Dementia Pugilistica
Este termo do boxe, também conhecido como “bêbado por soco”, refere-se na realidade à fase final da “encefalopatia cerebral traumática crónica” (CTBE). A imagem do recentemente falecido lutador Muhammad Ali vem-me à mente. Esta entidade clínica já tinha sido descrita por Martland em 1928. Manifesta-se em diferentes formas de expressão – suave, moderada e severa. Desde o início, observa-se mudanças de personalidade tais como euforia, choro repentino e uma falta de consciência da própria doença. A fala torna-se mais lenta e a memória deteriora-se progressivamente. Os casos graves fazem lembrar fortemente a doença de Parkinson.
As regras do boxe têm cada vez mais em conta este risco, com regras muito rigorosas de reinstauração para os pugilistas que sofreram um nocaute.

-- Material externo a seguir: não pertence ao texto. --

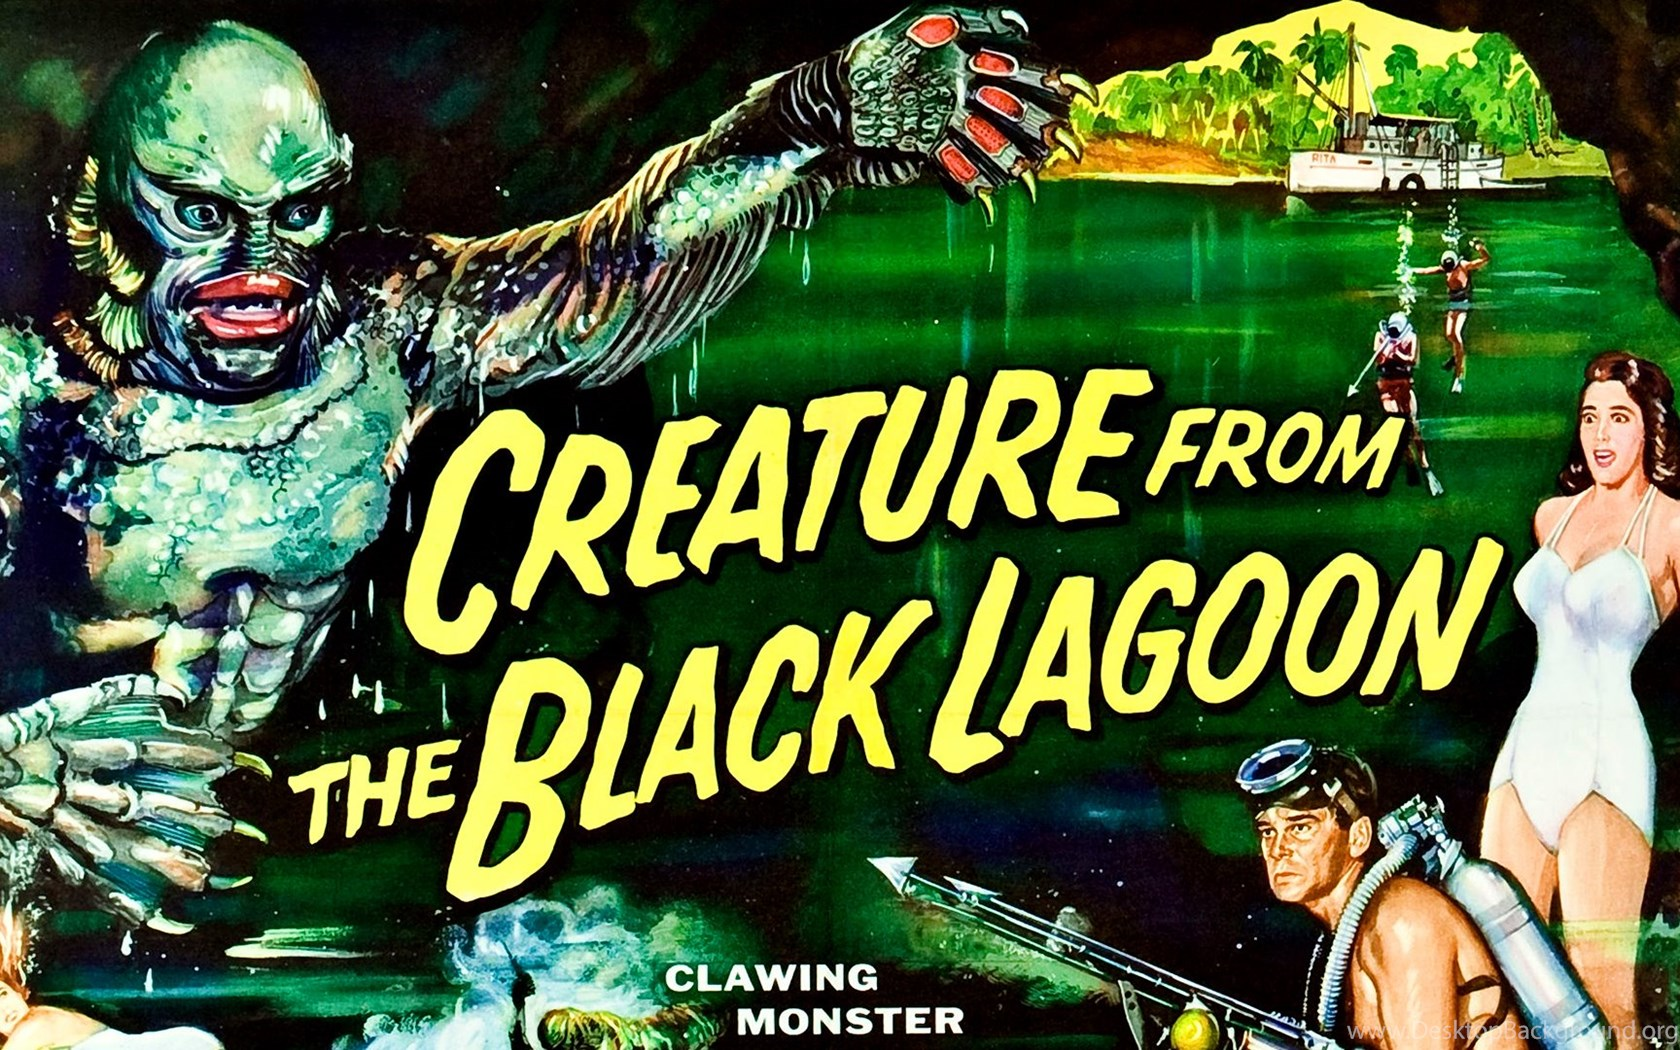 Creature From The Black Lagoon 1954 Movies Film Cine Com

É interessante notar que a exigência de capacete para boxeadores amadores, que foi introduzida em 1984, foi abolida em 2013 devido a um aumento das complicações das lesões.
“Ouvido de Nadador”
Esta é a otite externa, que se encontra nos nadadores. A humidade constante no ouvido leva a uma redução na produção de cerúmen e a uma diminuição do valor do pH. Por outro lado, isto leva a uma quebra do epitélio e, portanto, a uma redução da protecção fisiológica natural contra infecções. Esta protecção reduzida facilita a entrada de infecções com agentes patogénicos predominantemente gram-negativos (Pseudomonas). O tratamento é com gotas auriculares, que reestabilizam o pH, e por vezes com antibióticos.
“Enxaqueca do futebolista”
As dores de cabeça não são desconhecidas no desporto. Por exemplo, encontra-se frequentemente em desportos de musculação, onde a respiração da imprensa parece desempenhar um papel fisiopatológico. De acordo com os sintomas, a enxaqueca do futebolista é uma enxaqueca clássica (distúrbios visuais, náuseas, vómitos). Pensa-se que ocorra como resultado de espasmos dos vasos cerebrais basais, causados por excesso ou incorrecta execução do título.